If the packets from the hacker have the sequence numbers that the target system is expecting, and if these packets arrive before the packets from the real trusted system, the hacker becomes the trusted host.
To engage in IP spoofing, hackers must first use a variety of techniques to find an IP address of a trusted host and then modify their packet headers to appear as though packets are coming from that trusted host. Further, the attacker can engage other unsuspecting hosts to generate traffic that appears as though it too is coming from the trusted host, thus flooding the network.
IP spoofing attacks fall into one of two categories:
- Nonblind spoofing: This type of attack takes place when the attacker is on the same subnet as the victim. The attacker sniffs the sequence and acknowledgment numbers to eliminate the potential difficulty of calculating them accurately. The biggest threat of spoofing in this instance would be session hijacking.
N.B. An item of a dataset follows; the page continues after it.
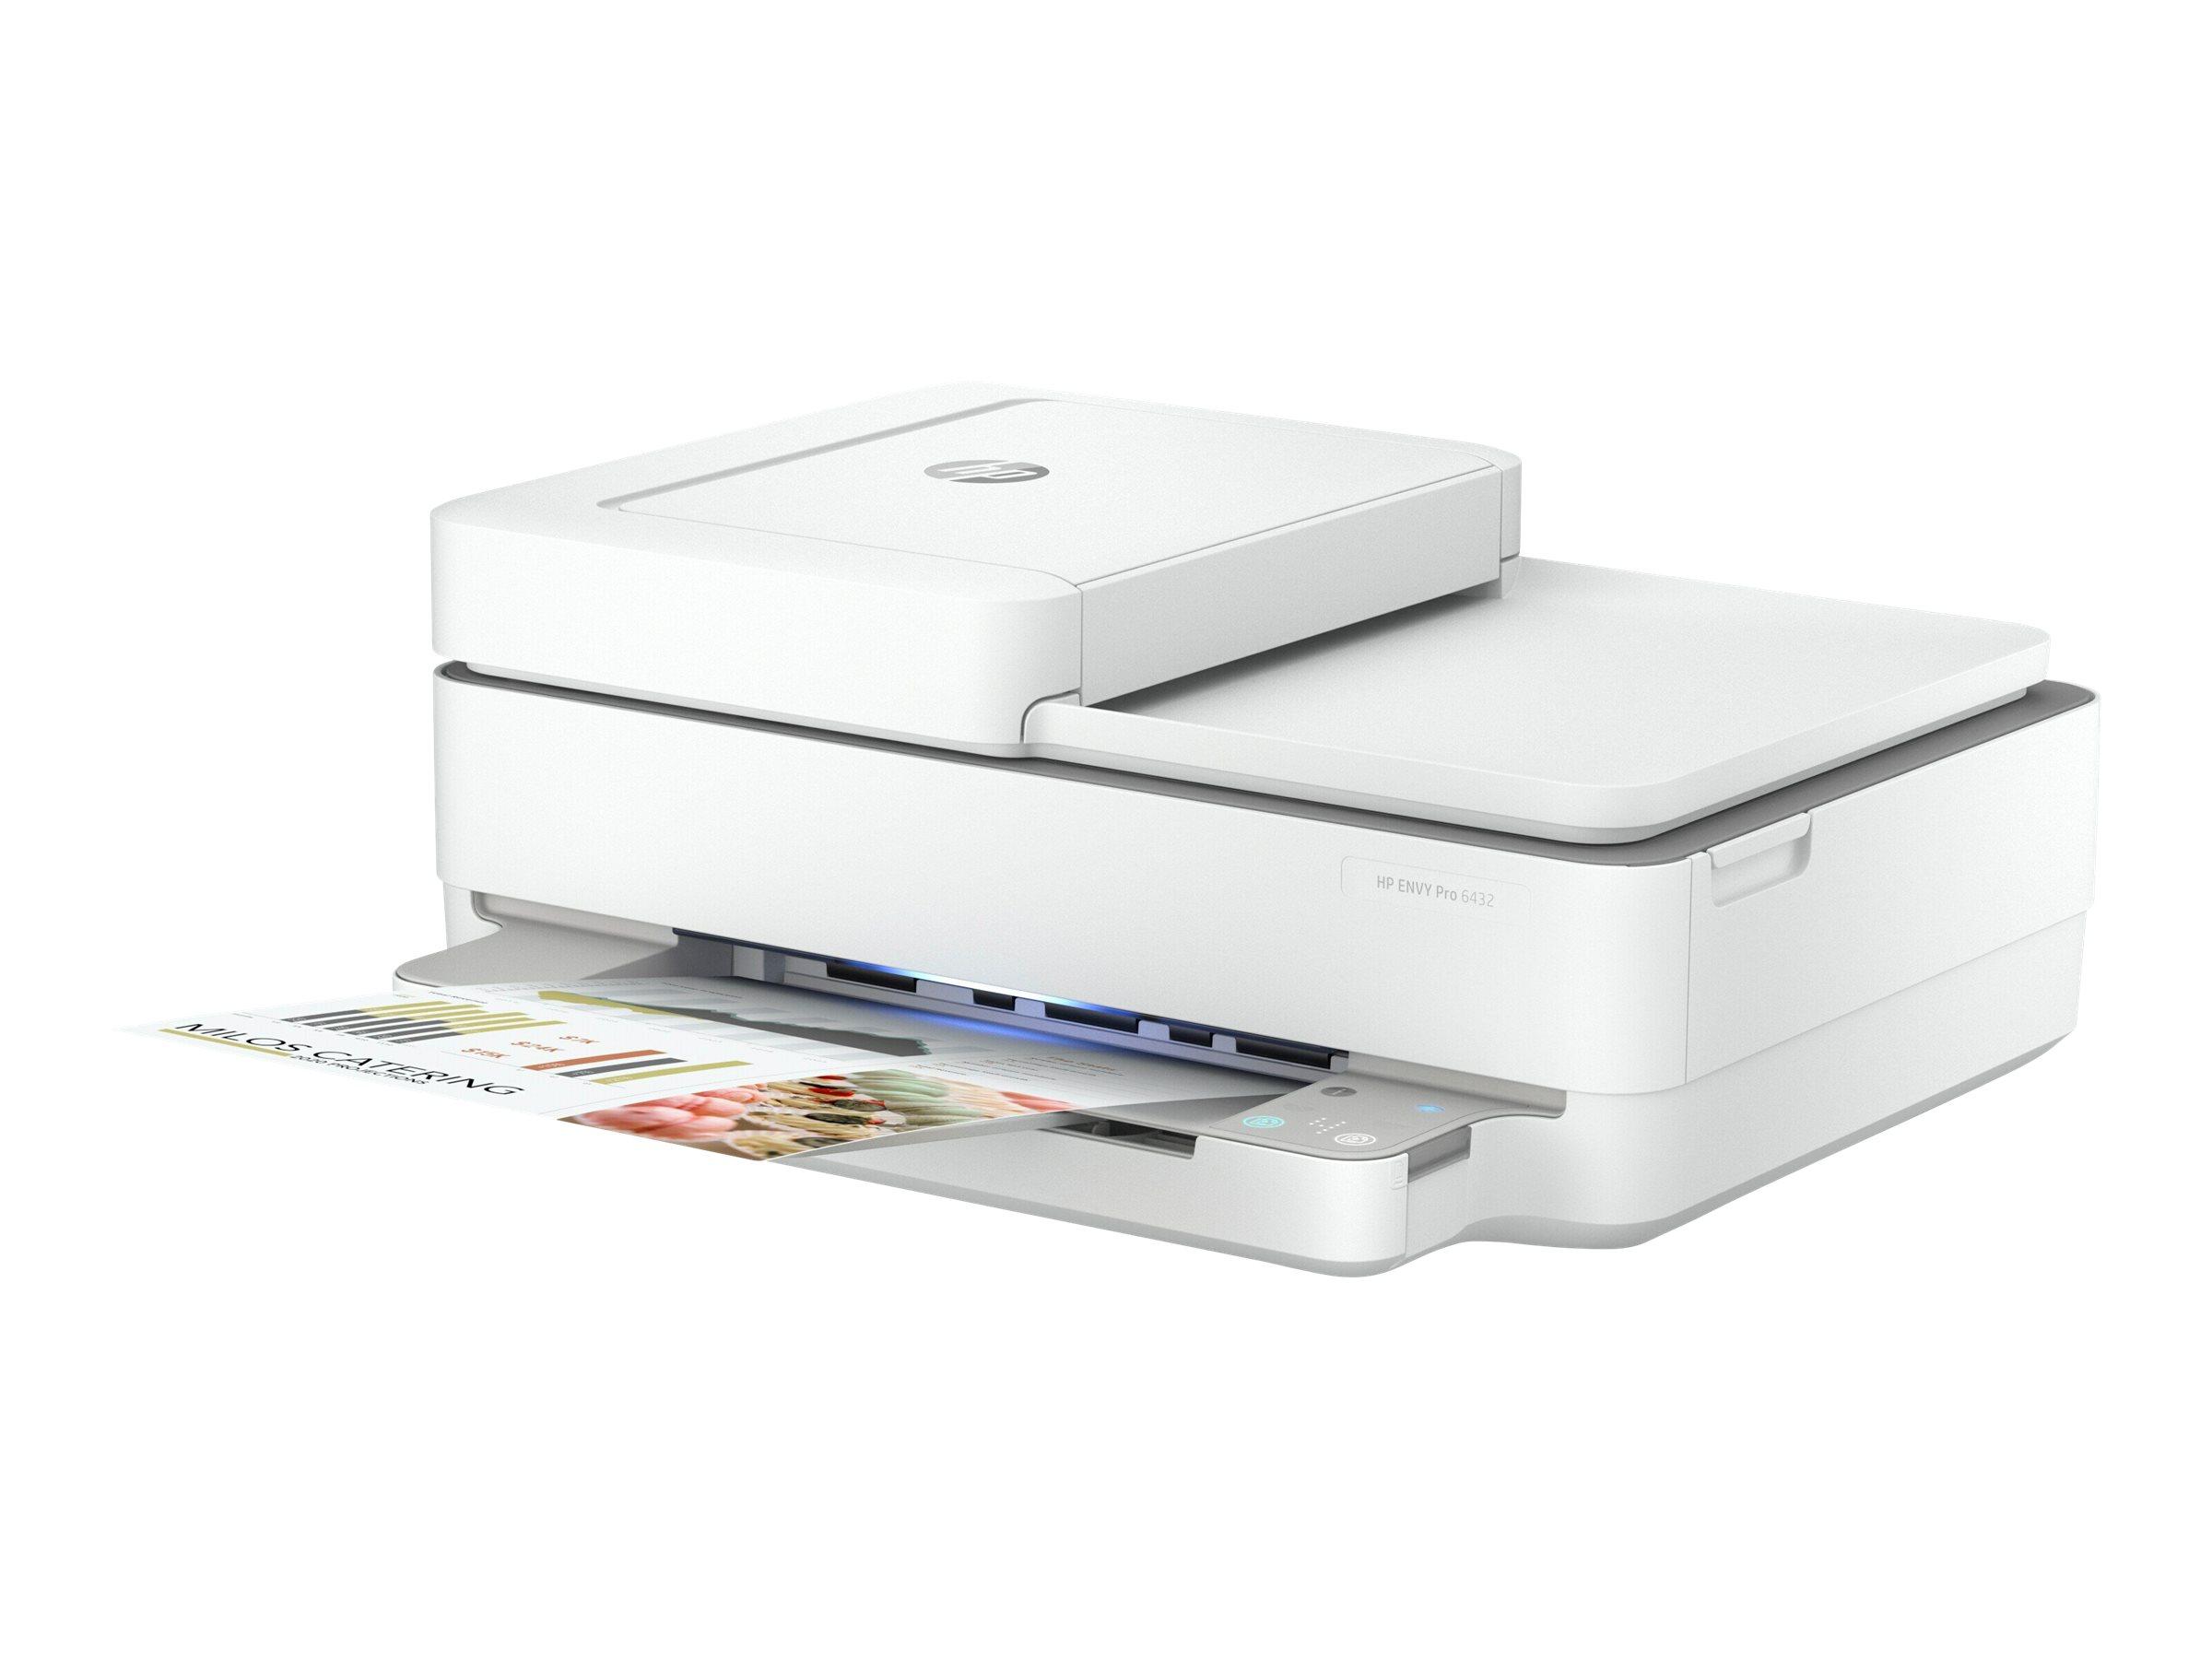 HP ENVY Pro 6432 All-in-One - Multifunktionsdrucker - Farbe - Tintenstrahl - 216 x 297 mm (Original) - A4/Letter (Medien)

The attacker corrupts the data stream of an established connection, and then reestablishes the data stream with the attack machine using the correct sequence and acknowledgment numbers. Using this technique, an attacker could effectively bypass any authentication measures taken place to build the connection. A nonblind spoofing attack requires the use of a network packet sniffer.
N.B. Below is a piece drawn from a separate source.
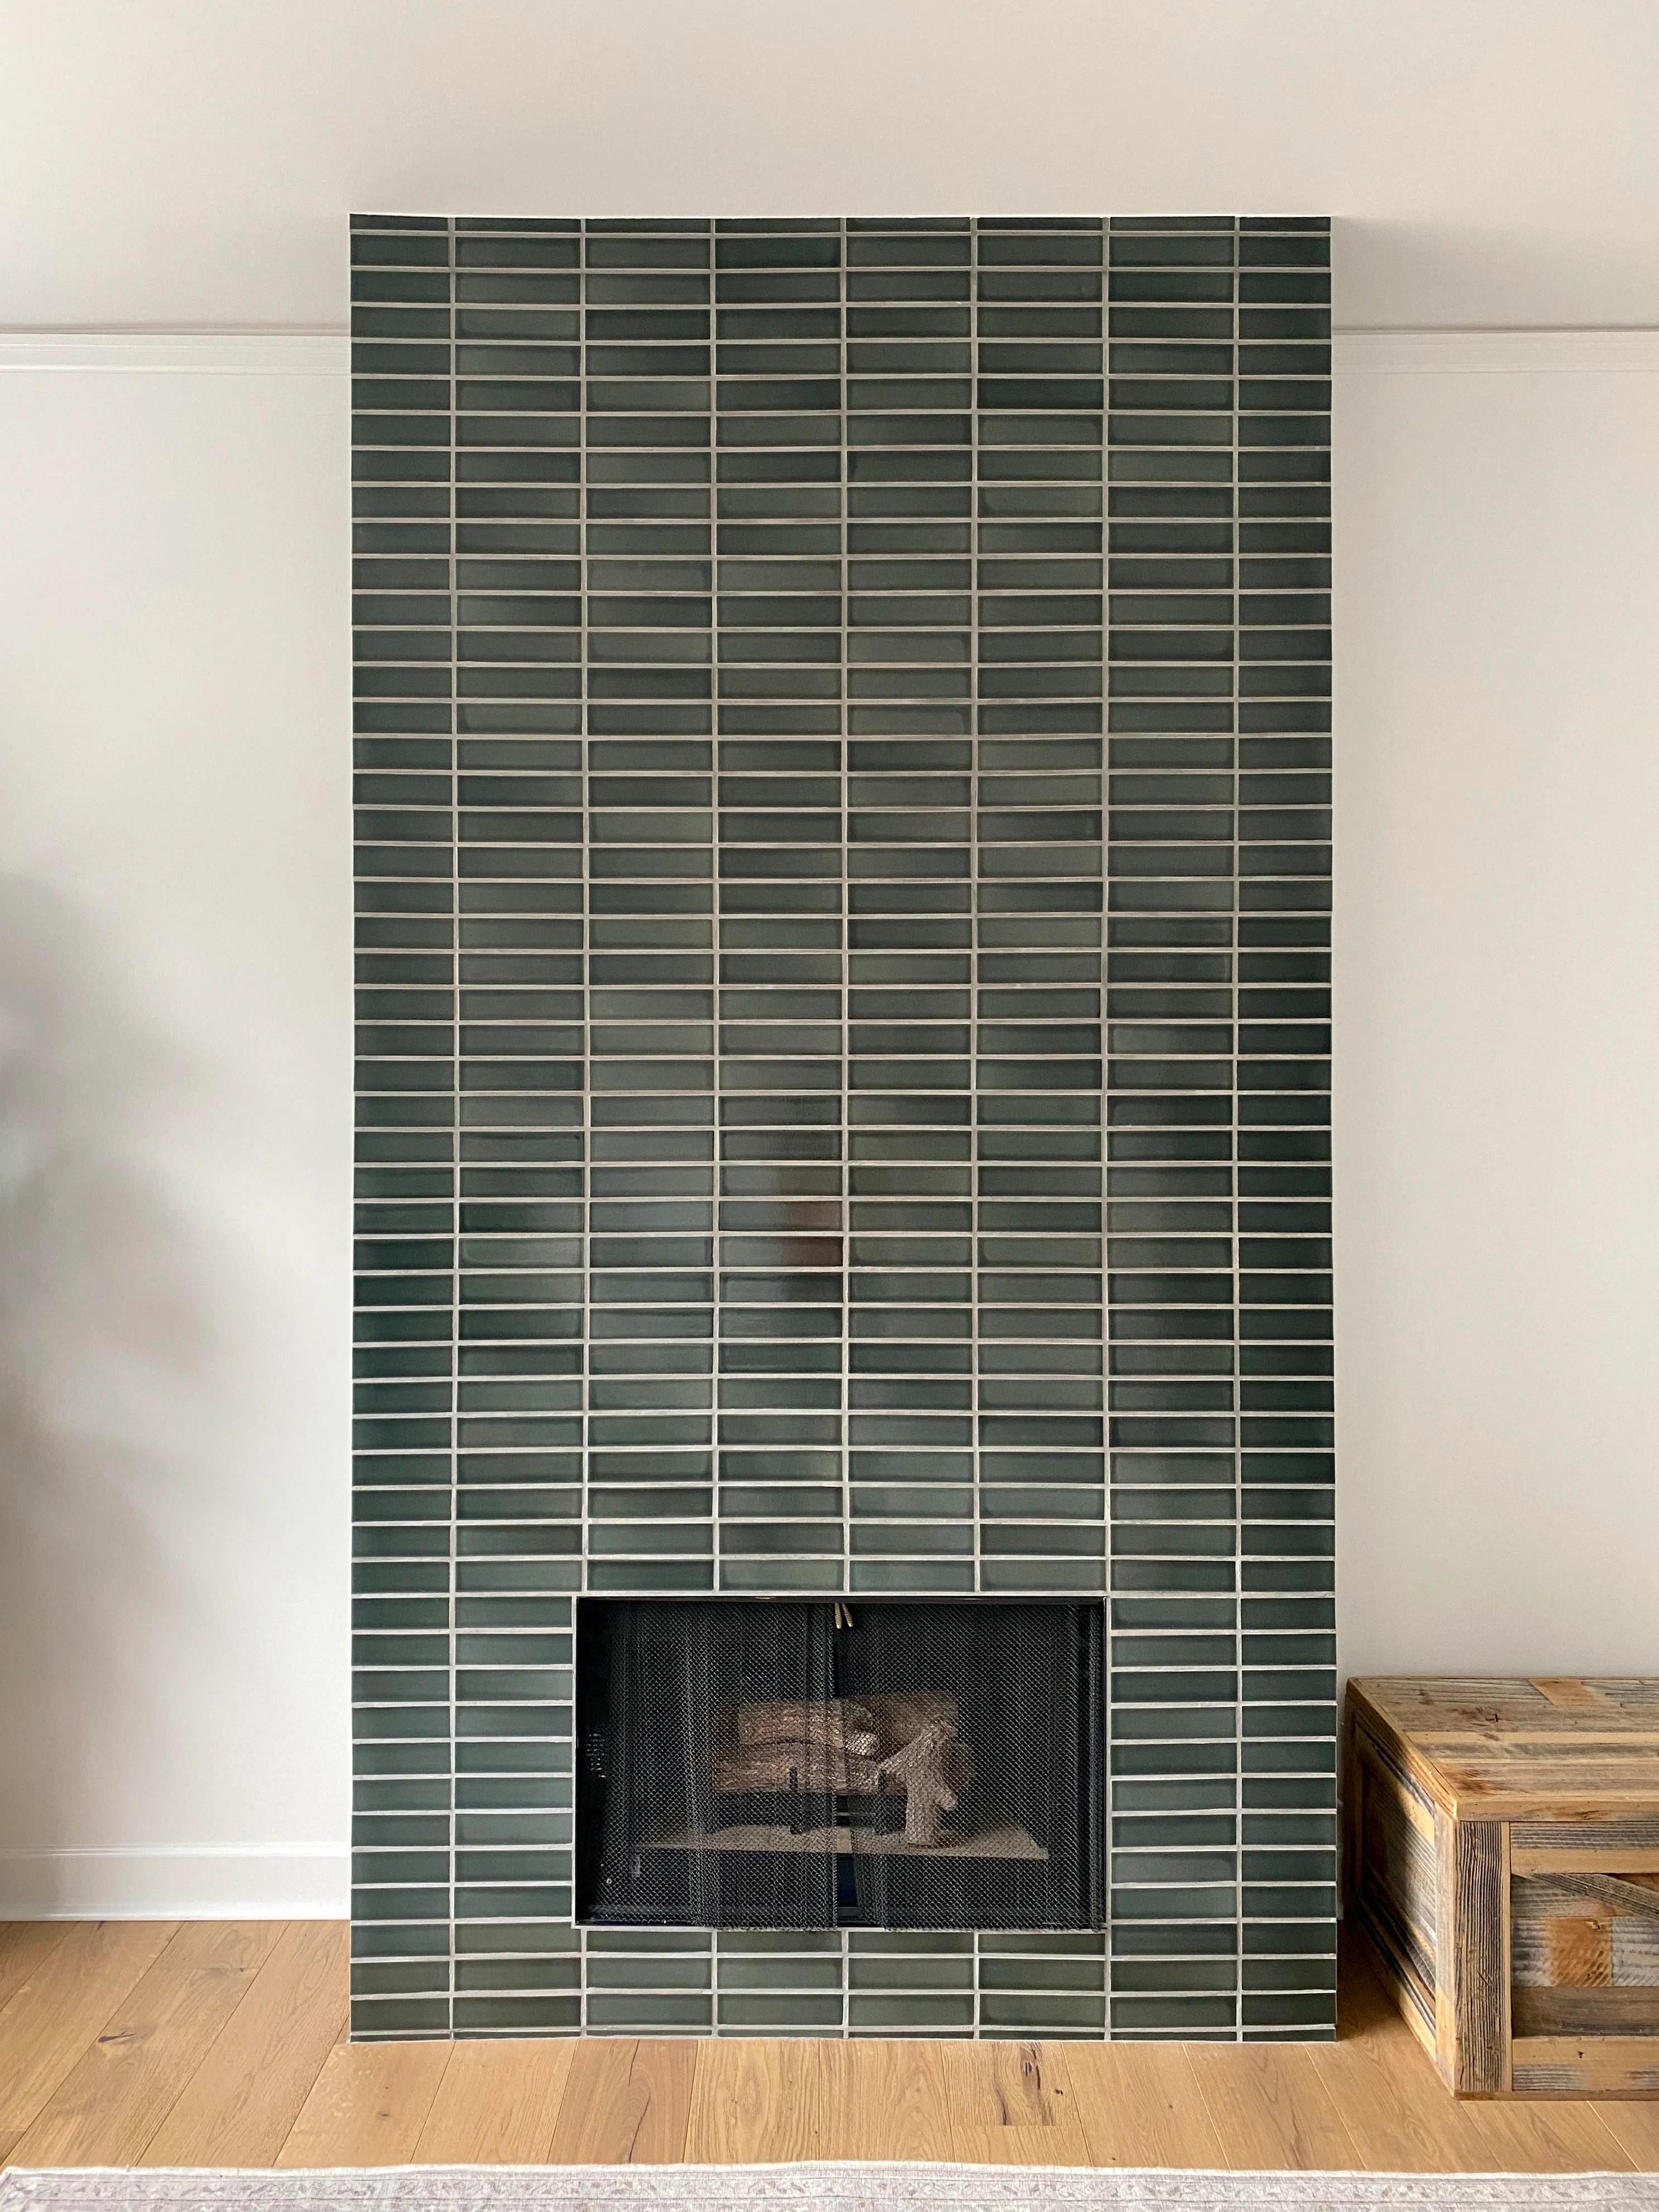 fireplace tiles in dark green

- Blind spoofing: This type of attack is a more sophisticated attack because the sequence and acknowledgment numbers are unreachable. To circumvent this issue, the attacker sends several packets to the target machine to sample sequence numbers. This is a difficult task, but not impossible. Blind attacks rely on routing and transport protocols to compromise the target.
Both types of IP spoofing are forms of a common security violation known as a man-in-the-middle attack. In these attacks, a malicious party intercepts a legitimate communication between two friendly parties. The malicious host then controls the flow of communication and can eliminate or alter the information sent by one of the original participants without the knowledge of either the original sender or the recipient. In this way, an attacker can fool a victim into disclosing confidential information by “spoofing” the identity of the original sender, who is presumably trusted by the recipient.
IP spoofing is also part of most DoS and distributed DoS (DDoS) attacks because the attackers do not want to be easily identified.
Source Routing
Source routing is the ability of the source to specify within the IP header a full routing path between endpoints. However, the destination must reply along a reverse path back to the source, as shown in Figure 1-10.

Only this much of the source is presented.